The "Robin-Hood" style acts she hears described over and over again violate labor, FDA, caregiving, and supervisatory rules, and yet Dodson keeps the personal and technical details vague, so that she doesn't 'out' them. A central tenet of her book is that the very conditions endured reverse our conceptions of  right and wrong, and that unsustainable working conditions warrant minor and occasional lawlessness. Her book, which is more suited to policy-makers and social workers than the general public, points to the adverse effects that instability and poverty have on the child's school performance, and prescribes work reforms not merely as cushy band aids for worker morale, but as crucial to closing the 'achievement gap' in American schools.

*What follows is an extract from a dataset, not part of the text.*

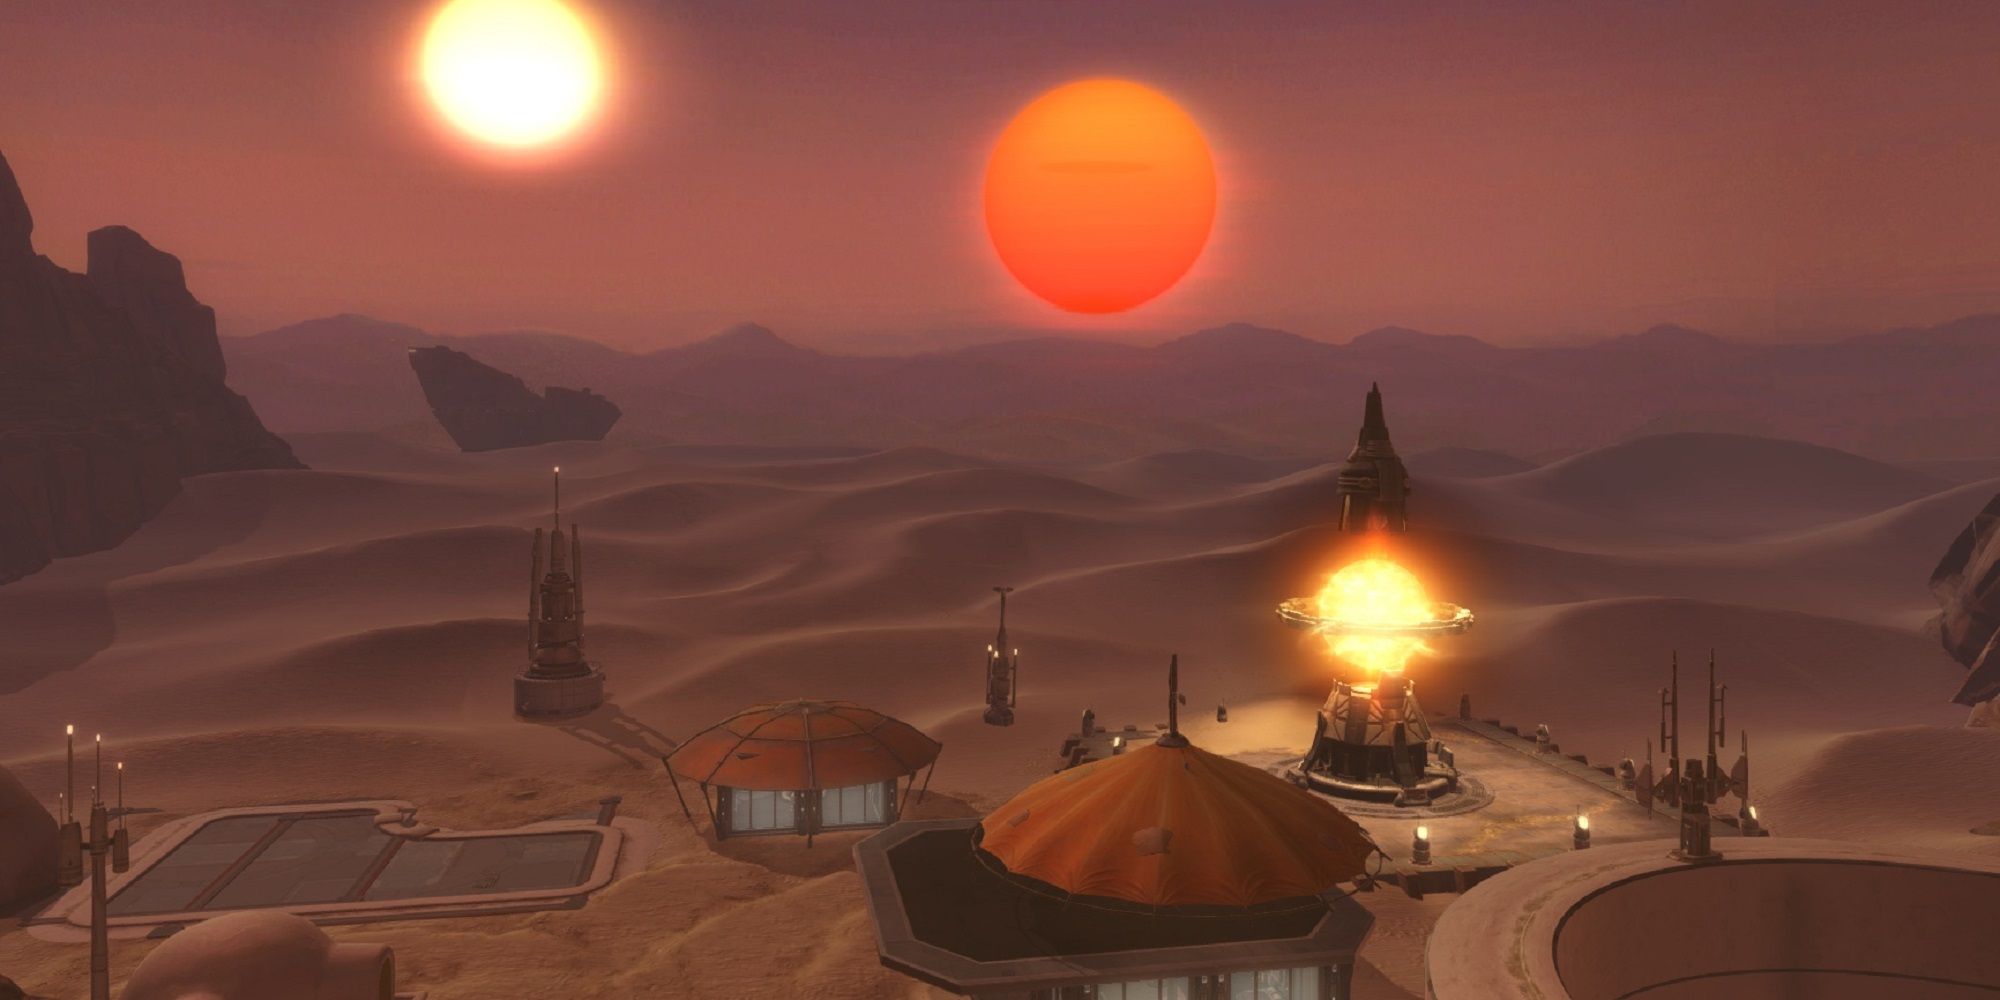 SWTOR's Tatooine Homestead, with sand dunes and two suns in the background
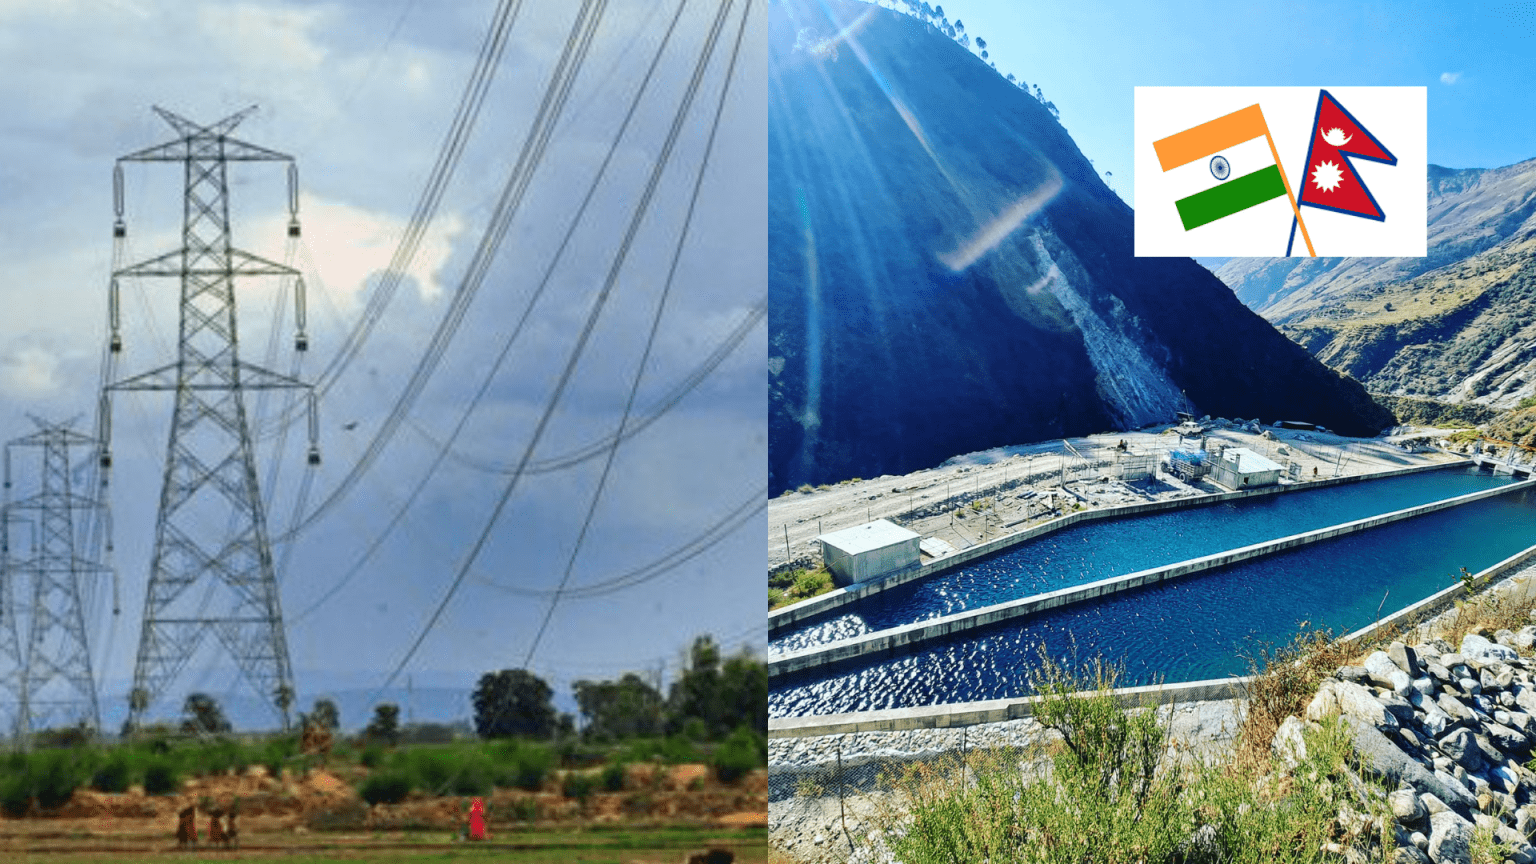 The Importance of Nepal’s Cross-Border Trade of Hydropower is decreasing due to Poor Diplomacy

Though both Dodson and Thompson reveal what is ostensibly 'hidden' from middle class Americans, what they describe is in fact representative of a large portion of the American work effort. Immigrants, legal or illegal, are more likely than not to have a hand in processing the food we consume, and it is estimated that the informal sector contributes to 10% of our GNP. In terms of legal jobs, since 1979, hourly earnings for 80% of American workers (private sector, non supervisory jobs) have risen by just 1% after inflation, while worker productivity has climbed 60%. 39% of the nation's children live in low-income households and one in four US-workers earns less than $9 an hour.  Though a new poverty threshold, set to be implemented for the fall 2010 census report will adjust "poverty" based on the cost of living in a given geography and extend more aid to families that need it, both of these books make clear that the way we pay the workers who bring us the food on our table and  who will care for us in our old age, is unsustainable.

The publishing of both these books comes at a good time, adding to the discourse at a moment when we are reexamining both the Fordist workshop and American work-places stuck in an archaic (1950s) employment model of promotions in return for company loyalty. The regimen of cubicle-culture has become a punch-line in popular culture, its absurdities a ready-made situational comedy. Recent suggestions, from the hokey to the more serious, laud telecommuting, flexible hours, and the most dramatic of all, the "Results-Only Workplace". Of course, some of these solutions, which fit tech-workers and other knowledge-industry workers, may not make sense for service employees and other manual laborers whose physical presence is required. Nevertheless, anecdotal books like these will help as policy-makers and academics move forward with more prescriptive measures.